Dec 04 '23 14:12 Danila89

I'm using dvc with hydra and I would like to check whether my experiment run will reuse caches of some stages outputs. The dvc exp run --dry command fails when some of the dependencies are missing. dvc status could do the job, but the problem with it is that it cannot emulate dvc exp run -n exp3 -S parameters.parameter_name=123.

How does changing the parameters with -S affect whether the experiment will reuse cached data?

May be it's worth to allow dvc status to accept -S overrides for hydra and to compile params.yaml inside dvc status command?

I'm not sure we can fit it into dvc status, but maybe we can have a way to compile params.yaml in dvc exp run without actually running the experiment. Would that help?

Dec 06 '23 19:12 dberenbaum

How does changing the parameters with -S affect whether the experiment will reuse cached data?

As you can see here, stage1 depends on parameters.parameter_name. Passing parameters.parameter_name that is different from the cached run's parameters.parameter_name will invalidate the cache.

I'm not sure we can fit it into dvc status, but maybe we can have a way to compile params.yaml in dvc exp run without actually running the experiment. Would that help?

I believe just params.yaml compilation will not help. Dry run in this case fails both with and without params.yaml. In my opinion dry run should consider the outputs as changed when one of (cmd, deps, params) changed and as unchanged otherwise. And for sure it should not fail because of some missing outputs

Dec 06 '23 21:12 Danila89

Sorry folks, I haven't been following the whole discussion. So, to confirm, even before we discuss Hydra and params.yaml, there is another issue with the dvc exp run --dry in a simpler scenario. There is not way to tell it consider stages with missing dependencies as unchanged, is it correct?

Then my question is (probably you have discussed this already) - why is --dry --allow-missing not possible?

Or is it about making it a default behavior in --dry mode?

Dec 07 '23 04:12 shcheklein

Then my question is (probably you have discussed this already) - why is --dry --allow-missing not possible?

@shcheklein --dry --allow-missing works but not in the above example because there is no dvc.lock file in the repo. A non-dry run will also ignore --allow-missing here for the same reason.

@Danila89 This is why I mentioned in email that --allow-missing currently is not doing anything for you if you keep no version of dvc.lock. Similarly, it is expected (although probably not clear from the output) that dry run fails at the 2nd stage because it is missing 1.txt, which is a dependency of that stage. Without dvc.lock or actually running the stage, dry run does not know what version of 1.txt to expect.
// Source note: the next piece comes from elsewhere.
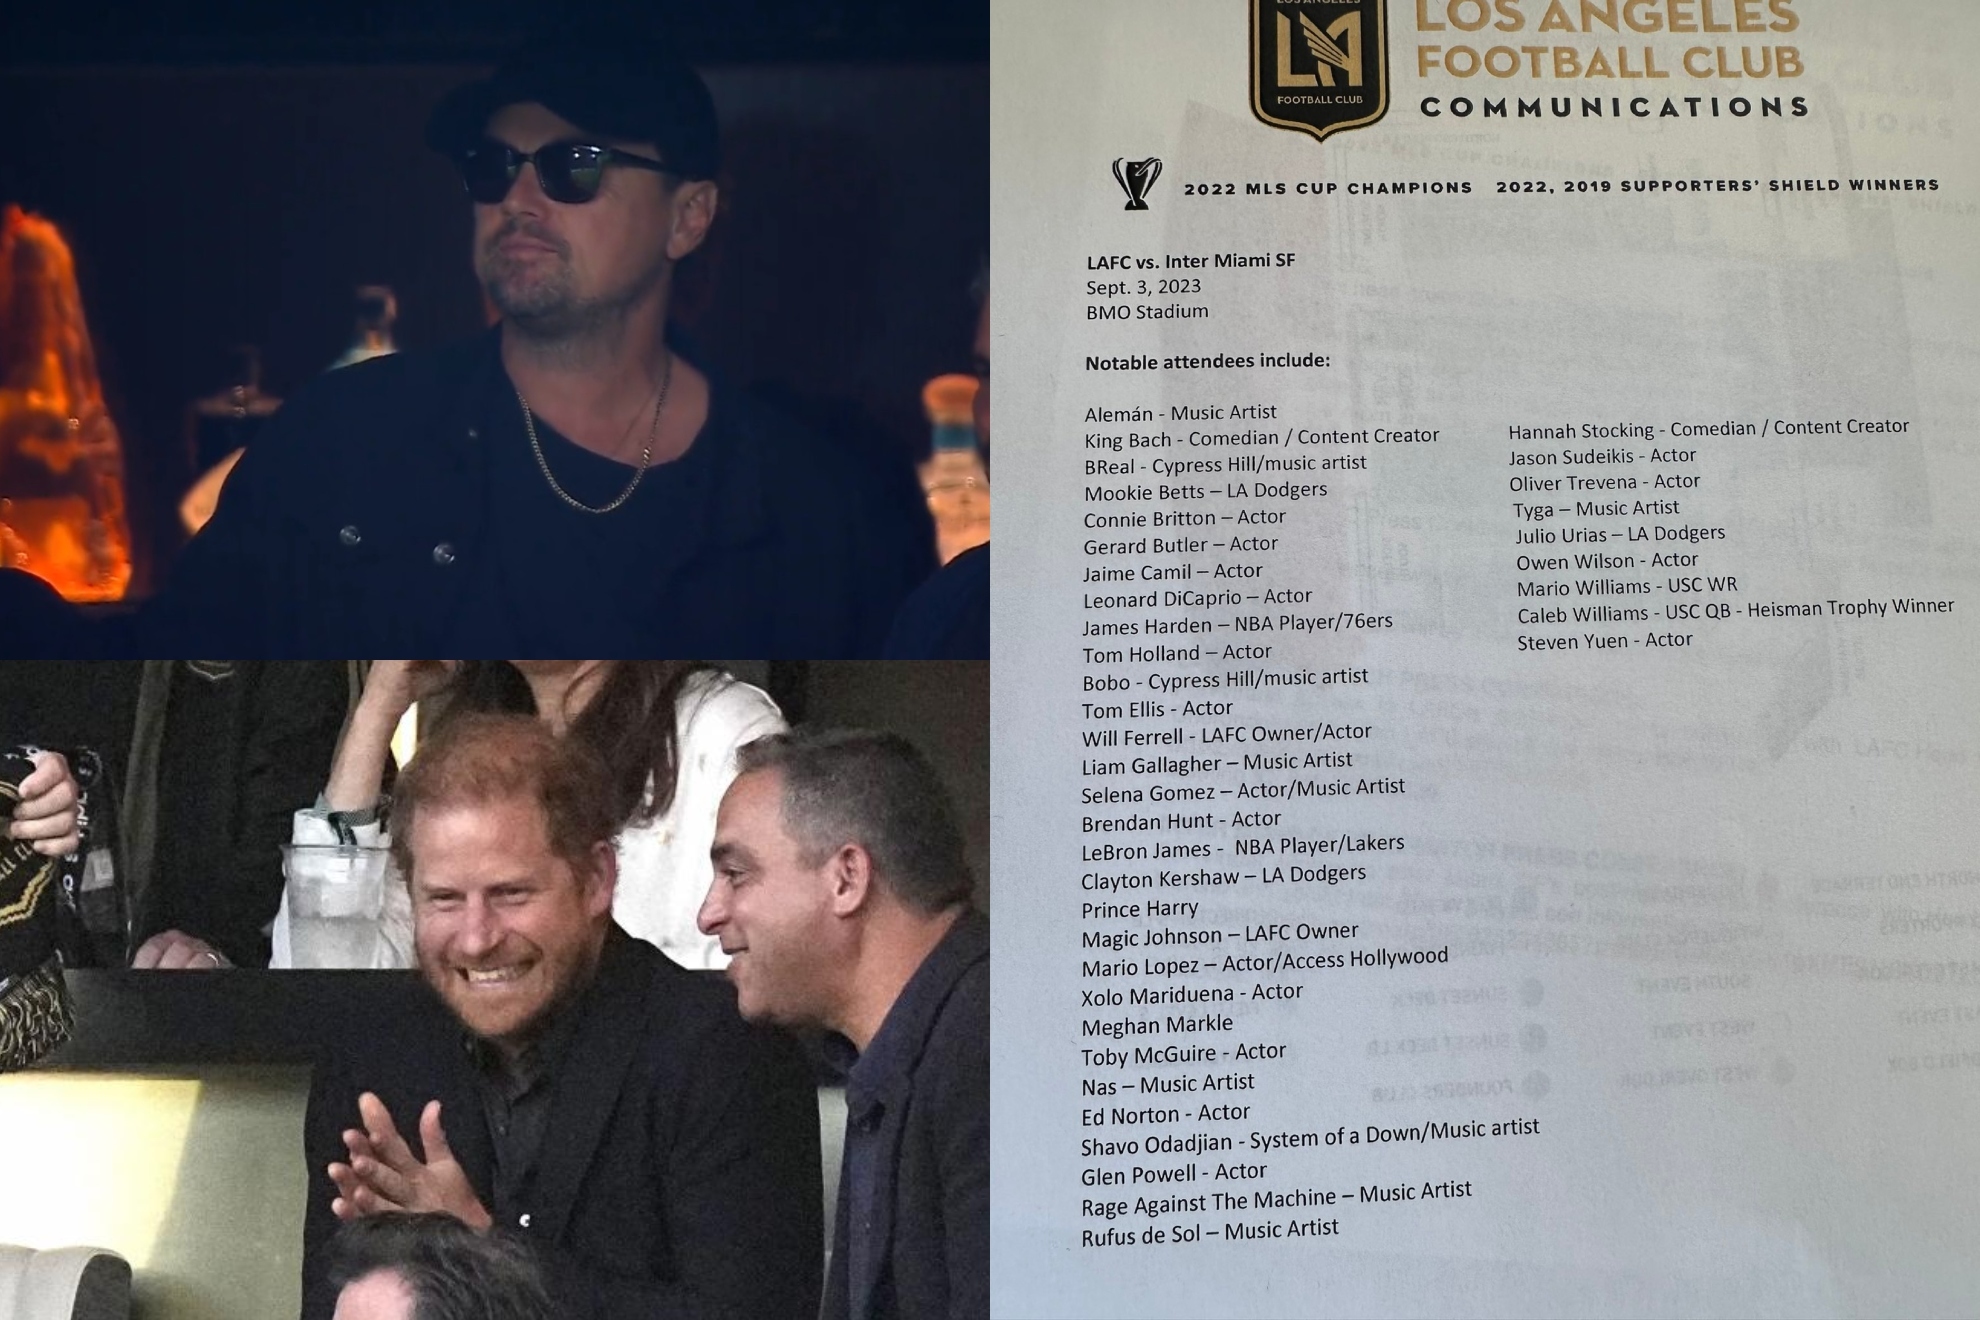 La impresionante lista de 'celebrities' que fueron a ver a Messi en Los Ángeles: DiCaprio, LeBron, el Príncipe Harry...

Instead, I was suggesting a workaround where you could:

Compile params.yaml without running the experiment (doesn't exist but theoretically would be easy to add)
Run dvc status using that compiled params.yaml to get the info you want

Overall, AFAIU you want to use the run cache to check if any cached version of each stage exists and to restore that stage. We have discussed it before but have not done that with --dry-run or --allow-missing because it could be surprising behavior. It will end up creating or modifying entries in dvc.lock for matches that it finds, which might be unexpected for those flags. I'm happy to discuss it, but that's why it doesn't work like you expect today.

Dec 07 '23 17:12 dberenbaum

Instead, I was suggesting a workaround where you could:

Compile params.yaml without running the experiment (doesn't exist but theoretically would be easy to add)

Run dvc status using that compiled params.yaml to get the info you want

This will work in the current scenario, although it is not very convenient that I have to write a python script for p.1. But the next thing that will be pretty important for me is the ability to check whether the remote cache can be reused for dvc exp run --pull command. Currently dvc status is incapable of doing this, I'm wondering if dvc exp run --pull --dry is. Perhaps as a workaround I could pull all the remote cache locally (if it is possible with dvc) and after that use dvc status as you mentioned, but I would prefer a solution without massive cache pulling.

Without dvc.lock or actually running the stage, dry run does not know what version of 1.txt to expect.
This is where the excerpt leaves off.